I would like to rewire the router so that I can have a more conveniently placed switch on the outside of the router table to turn the router on/off. Has anyone here done this with a Triton router? Is so, how? Pics? Thanks.

Cliff.


----------



## Cherryville Chuck (Sep 28, 2010)

I would switch the outlet box you plug it into or use a foot switch before I would rewire the router. You can use a standard light switch to turn the power on and off or you could get a paddle switch from someone like Grizzley to do that with. 

Welcome to the forum by the way..


----------



## Semipro (Mar 22, 2013)

Hey Cliff, glad to see you join our community.
I agree with Charles number of manufacturers make external switches, kreg rockler,woodcraft and numerous others.


----------



## jw2170 (Jan 24, 2008)

*No...no...no*



boxedin said:


> I have a Triton MOF001C (2-1/4 hp) router on a Bench Dog ProTop Contractor Table.
> 
> I would like to rewire the router so that I can have a more conveniently placed switch on the outside of the router table to turn the router on/off. Has anyone here done this with a Triton router? Is so, how? Pics? Thanks.
> 
> Cliff.


Don't do it...The safety sliding switch is there for a reason....:angry:


----------



## Oakwerks (May 9, 2013)

I have the same router... I put an outlet inside the table base and wired it to a switch on the outside...


----------



## BOjr (Dec 1, 2012)

I agree with the above. I've done it on both of my router tables. The additional comment I will make is to use a paddle switch that is located in a location where you can easily hit it with a knee. Don't depend on having to use your hands to shut it down.


----------



## david_de (Jun 3, 2013)

boxedin said:


> I have a Triton MOF001C (2-1/4 hp) router on a Bench Dog ProTop Contractor Table.
> 
> I would like to rewire the router so that I can have a more conveniently placed switch on the outside of the router table to turn the router on/off. Has anyone here done this with a Triton router? Is so, how? Pics? Thanks.
> 
> Cliff.


I misunderstood his post on the first read. From what Cliff said I think by "rewire the router" he did not want to actually do wiring in or on the router itself. It sounds to me as if he is looking for ideas on an external switch as well as location and mounting same on his brand/type router table. 

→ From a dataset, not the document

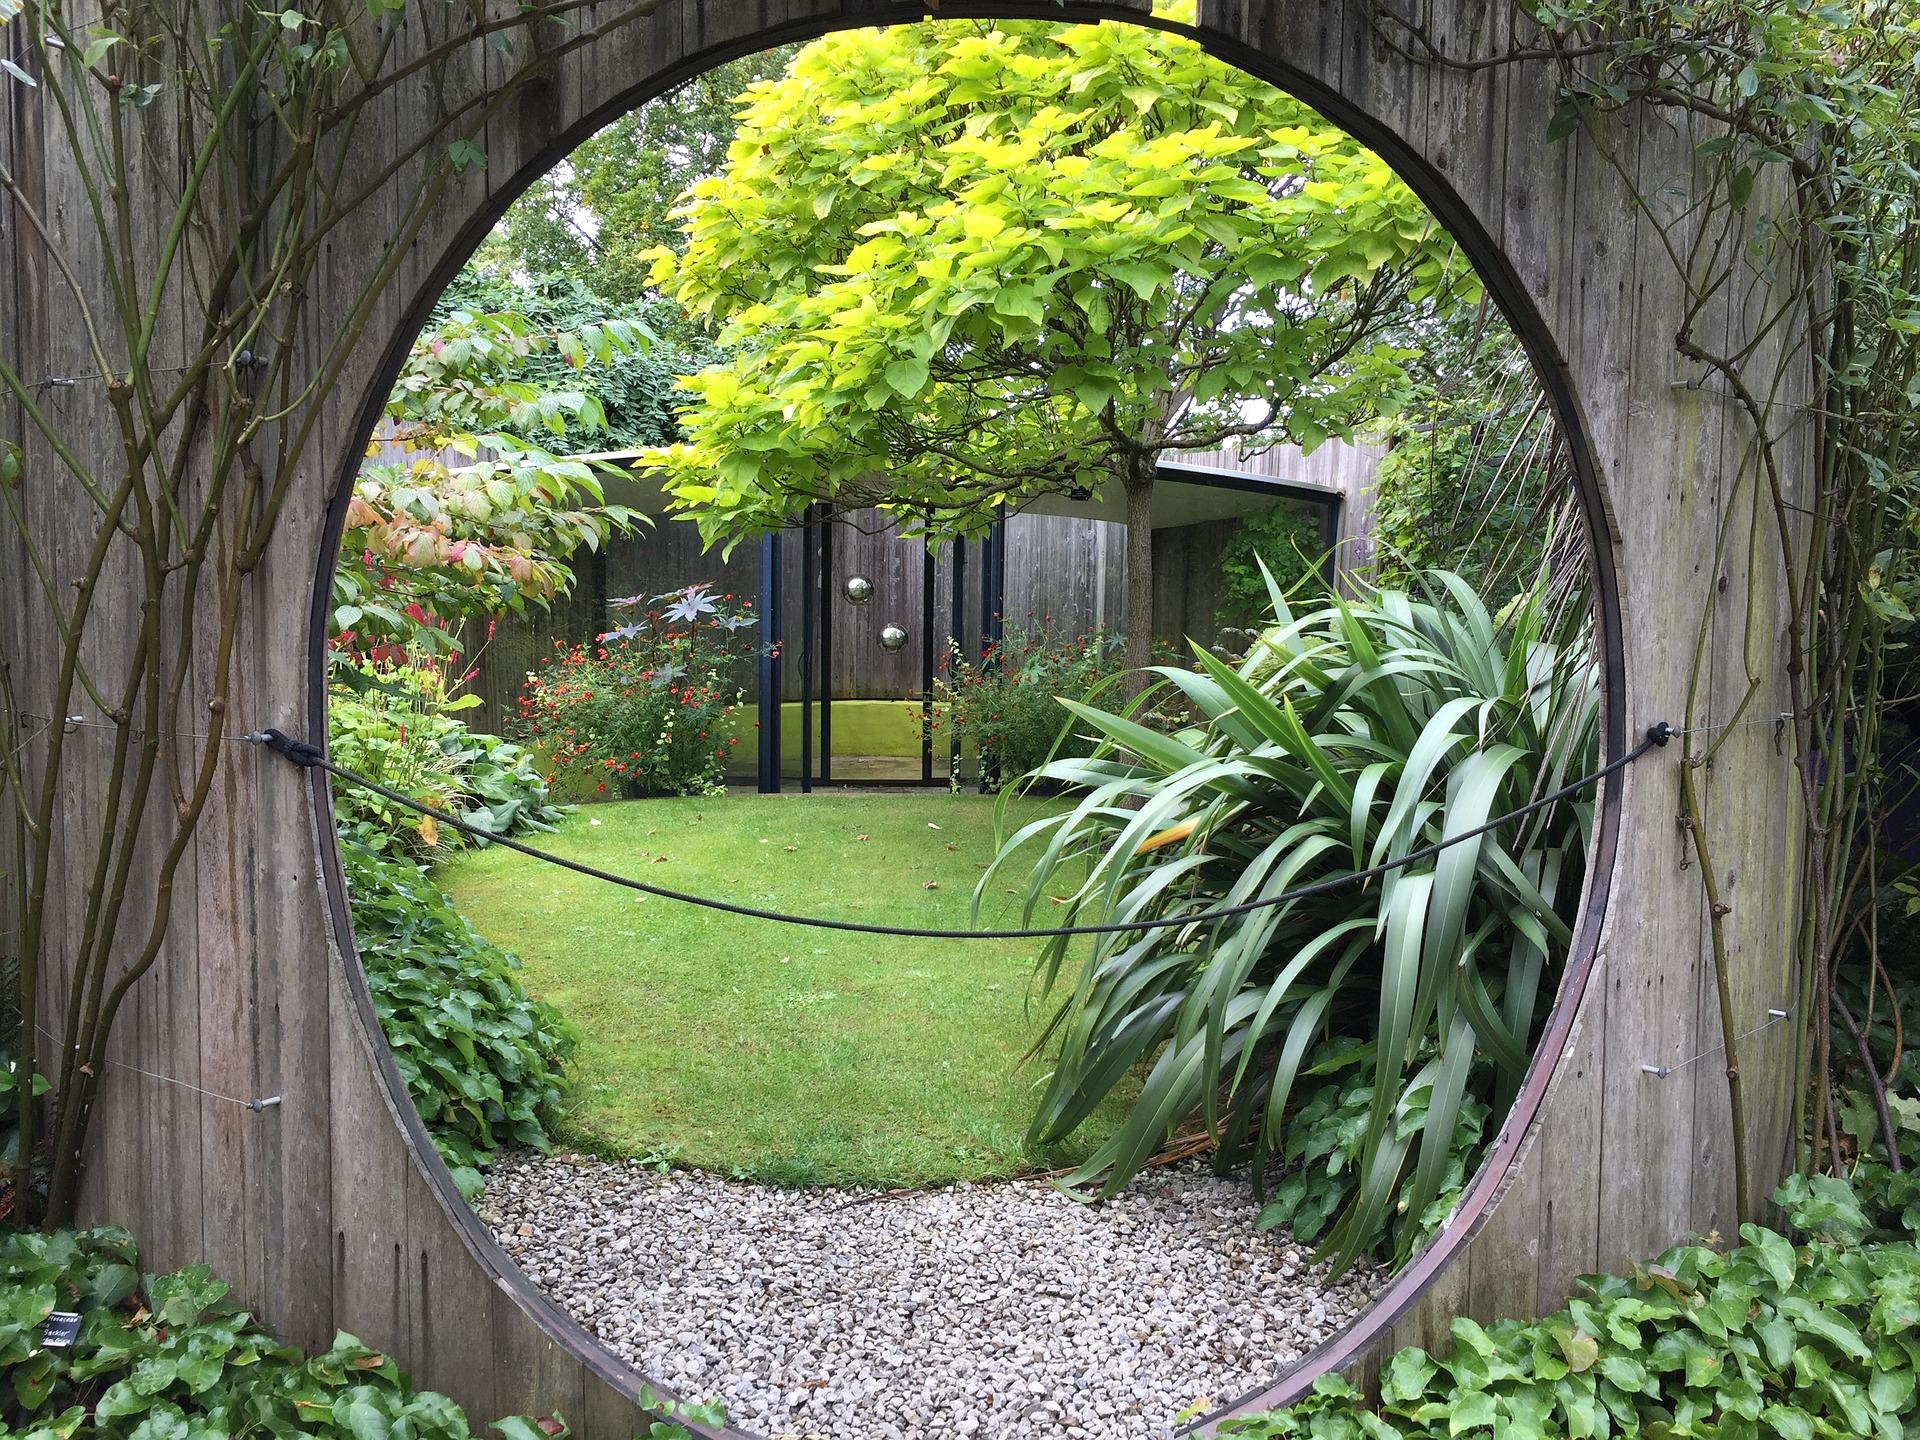 Les Conseils Pour Aménager Facilement Un Petit Jardin à Aménagement D Un Petit Jardin De Ville

I am sure there must be some members that have the same combination or similar who already have done so. To me pictures are the easiest way to explain something like this. I could post a picture of a paddle switch mounted on an old Delta table saw base under my shop built router table with a HF router but I think it is probably not even close to his situation. :no:


----------



## bobj3 (Jan 17, 2006)

http://www.routerforums.com/project-plans-how/9761-how-wire-one-up.html

===


----------



## locin (Dec 10, 2013)

Hi Cliff and welcome to the forum,
I have attached some photos of how I attached my Router which is a 3 ¼ hp triton and my shop vac. The power point attached to the table is plugged into any power outlet in the garage/workshop, the router is plugged into the shop vac and the shop vac is plugged into the power point on the side of the table. I leave the router on (except when changing bits), when I flick the power point on the side of the table both the shop vac and the router start.
Hope this helps,
Nicko


----------



## MT Stringer (Aug 15, 2012)

I use a switch from Rockler.


----------



## harrysin (Jan 15, 2007)

boxedin said:


> I have a Triton MOF001C (2-1/4 hp) router on a Bench Dog ProTop Contractor Table.
> 
> I would like to rewire the router so that I can have a more conveniently placed switch on the outside of the router table to turn the router on/off. Has anyone here done this with a Triton router? Is so, how? Pics? Thanks.
> 
> Cliff.


These shots show how my router and dust collector are configured. The router is left on except of course for bit change and when the front switch is operated both the router and dust collector come on together. The last shot shows more master/slave switches under "construction" simply a matter of wiring the module into a suitable box. Because you have forgotten to complete your public profile I have no way of knowing if you have electrical wiring experience.


----------



## bobj3 (Jan 17, 2006)

Hi Harry

I also use one like that on one of the router tables..

====


----------



## harrysin (Jan 15, 2007)

Doesn't it make things easy Bob. I'm in the process of fitting one on each machine which now has it's own DC.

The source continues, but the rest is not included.